BENEDICTO XVI
Audiencia General
Miércoles 10 de marzo de 2010
San Buenaventura (2)
Obra literaria y doctrina
la semana pasada hablé de la vida y personalidad de San Buenaventura de Bagnoregio. Esta mañana me gustaría continuar con su exposición, centrándome en una parte de su obra literaria y de su doctrina.
Como ya he dicho, san Buenaventura, entre otros méritos, tuvo el de interpretar con autenticidad y fidelidad la figura de san Francisco de Asís, a quien veneraba y estudiaba con gran amor. En particular, en tiempos de san Buenaventura una corriente de los hermanos menores, llamada "espirituales", defendía que con san Francisco se había inaugurado una fase totalmente nueva de la historia, el "Evangelio eterno", del que habla el Apocalipsis, vendría aparecer, que reemplazó al Nuevo Testamento. Este grupo afirmó que la Iglesia ya había agotado su papel histórico, y en su lugar fue reemplazada por una comunidad carismática de hombres libres guiados interiormente por el Espíritu, es decir, los "franciscanos espirituales".
Las ideas de este grupo se basaron en los escritos de un abad cisterciense, Gioacchino da Fiore, que murió en 1202. En sus obras, afirmó un ritmo trinitario de la historia. Consideró el Antiguo Testamento como la época del Padre, seguida por la época del Hijo, la época de la Iglesia. Todavía habría que esperar la tercera edad, la del Espíritu Santo. Toda la historia ha de interpretarse así como una historia de progreso: desde la severidad del Antiguo Testamento a la relativa libertad del tiempo del Hijo, en la Iglesia, hasta la plena libertad de los Hijos de Dios, en la período del Espíritu Santo, que sería también, finalmente, el período de la paz entre los hombres, de la reconciliación de los pueblos y de las religiones.
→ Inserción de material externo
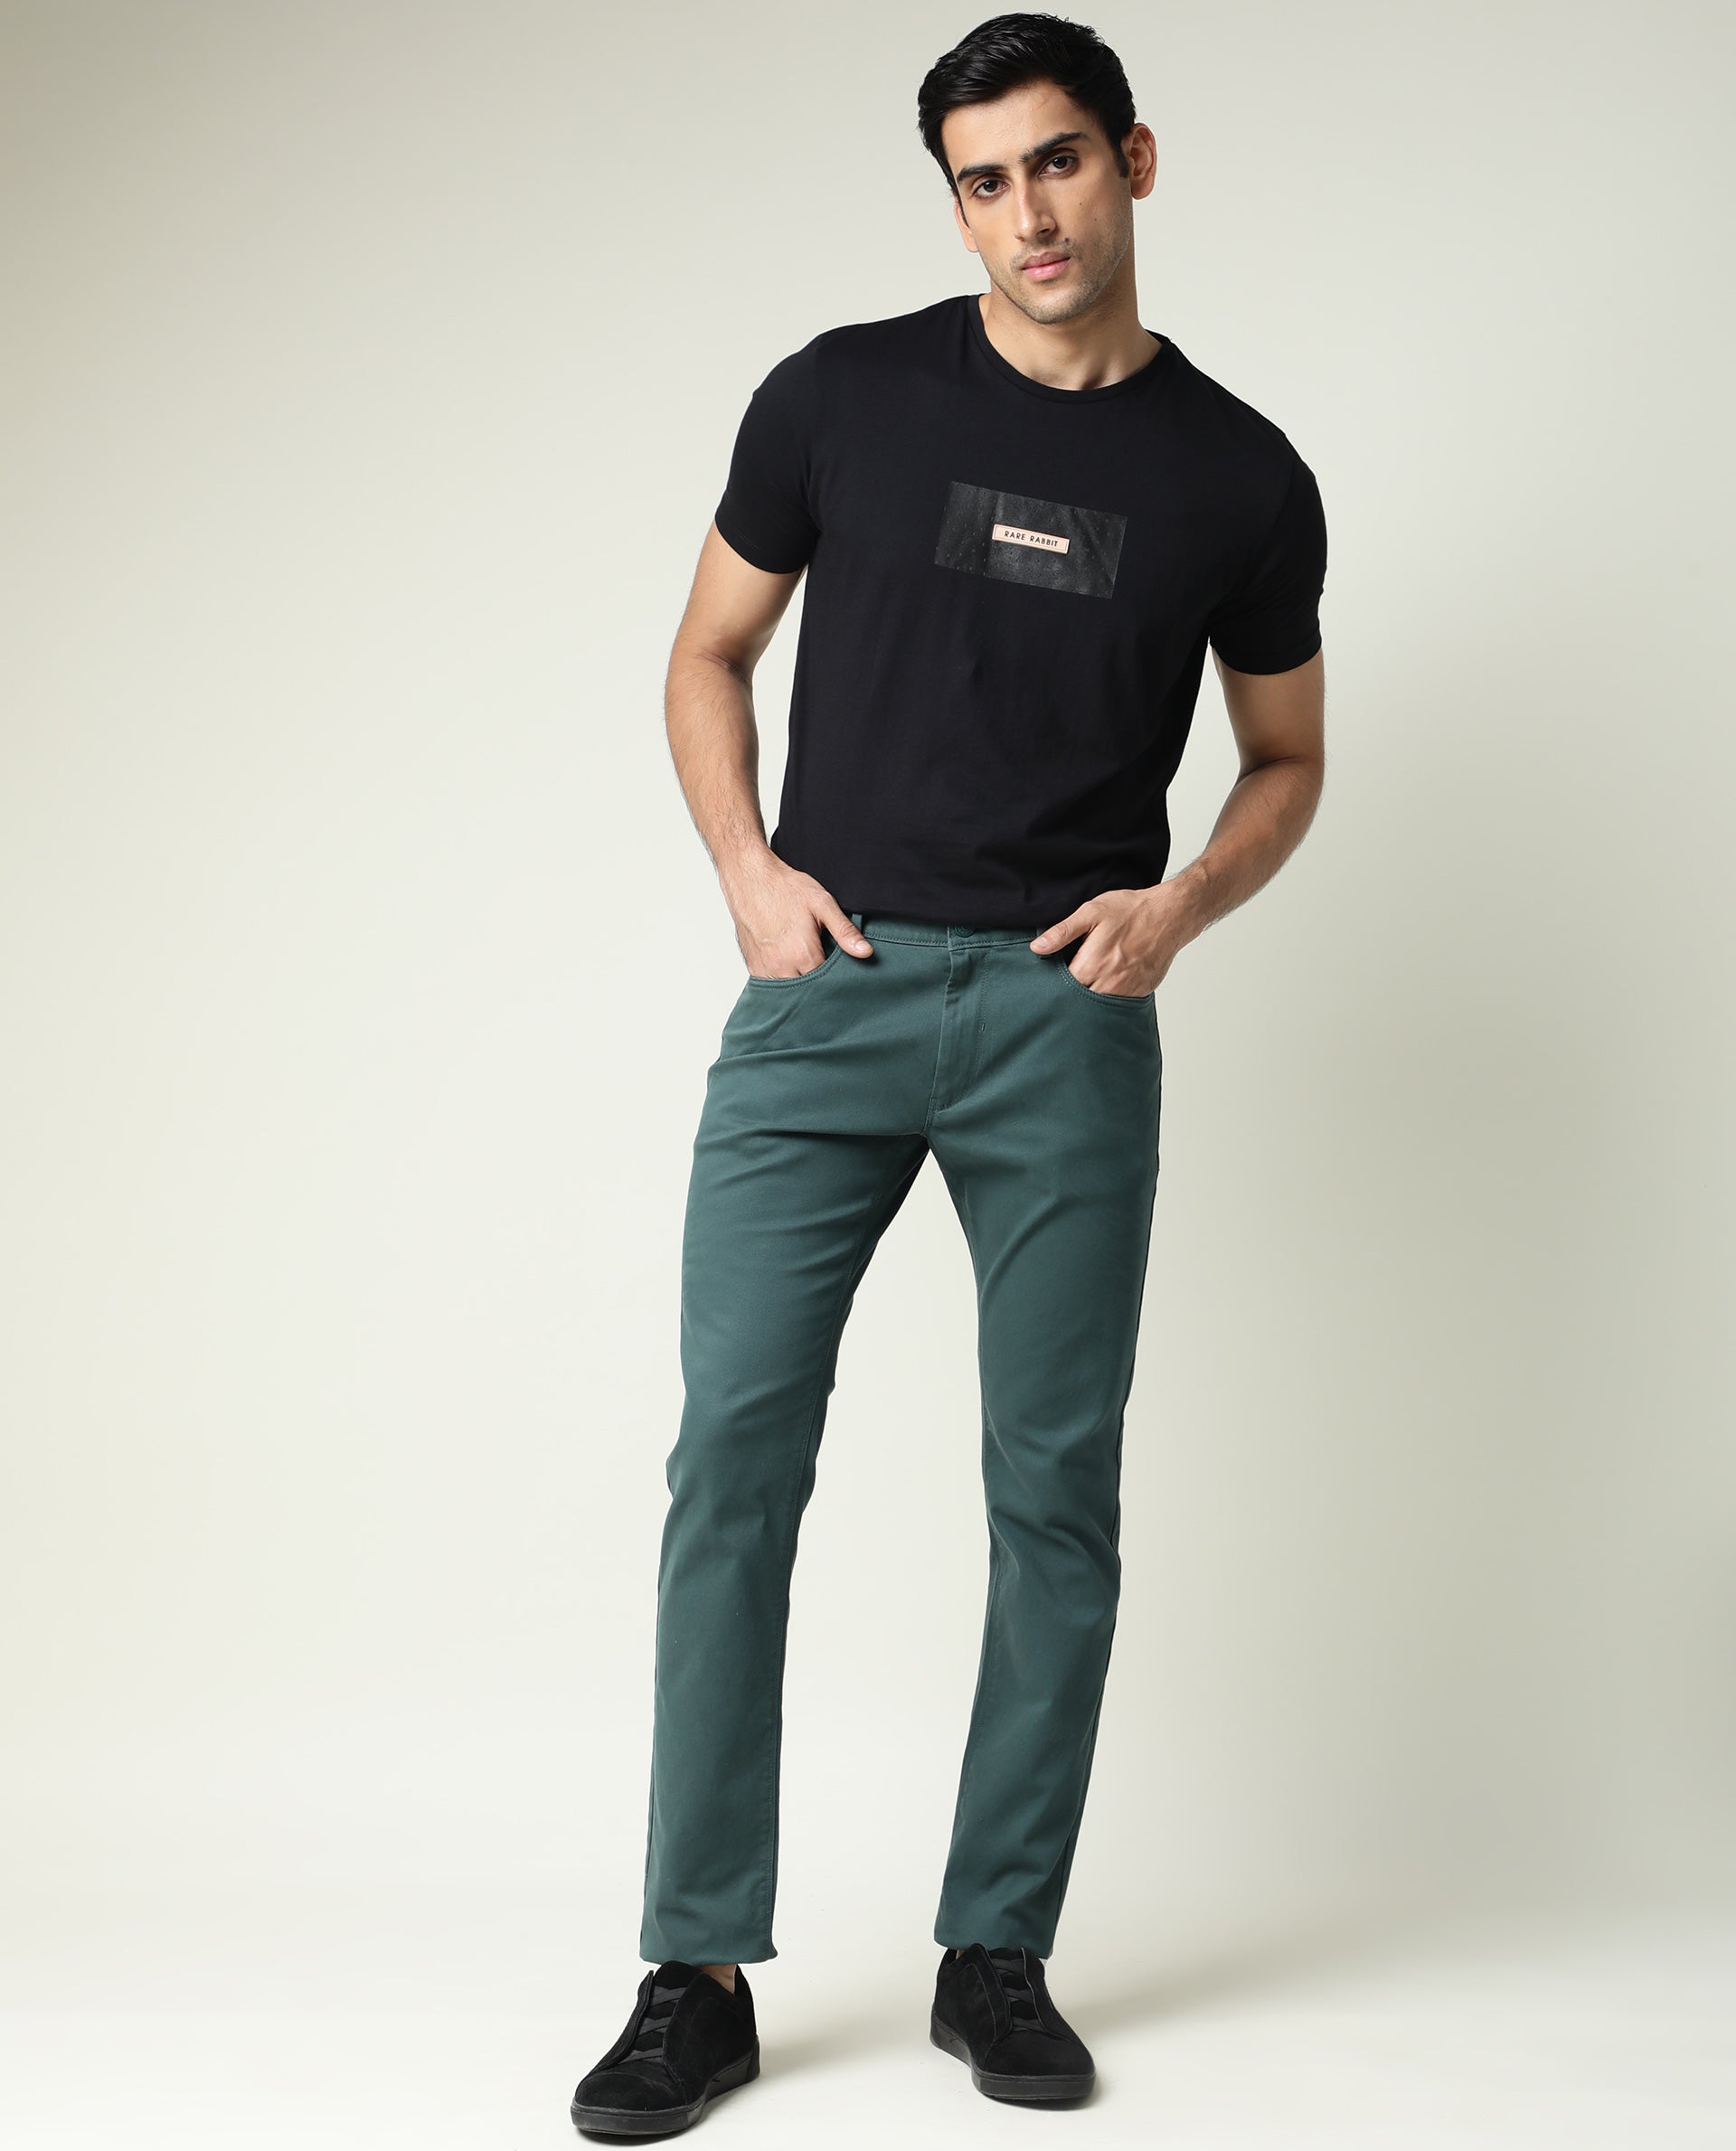 Buy Green Trousers for Men

Joaquín de Fiore había suscitado la esperanza de que el comienzo del nuevo tiempo vendría de un nuevo monacato.
Existía, pues, el riesgo de una gravísima incomprensión del mensaje de san Francisco, de su humilde fidelidad al Evangelio ya la Iglesia, y esta incomprensión suponía una visión errónea del cristianismo en su conjunto.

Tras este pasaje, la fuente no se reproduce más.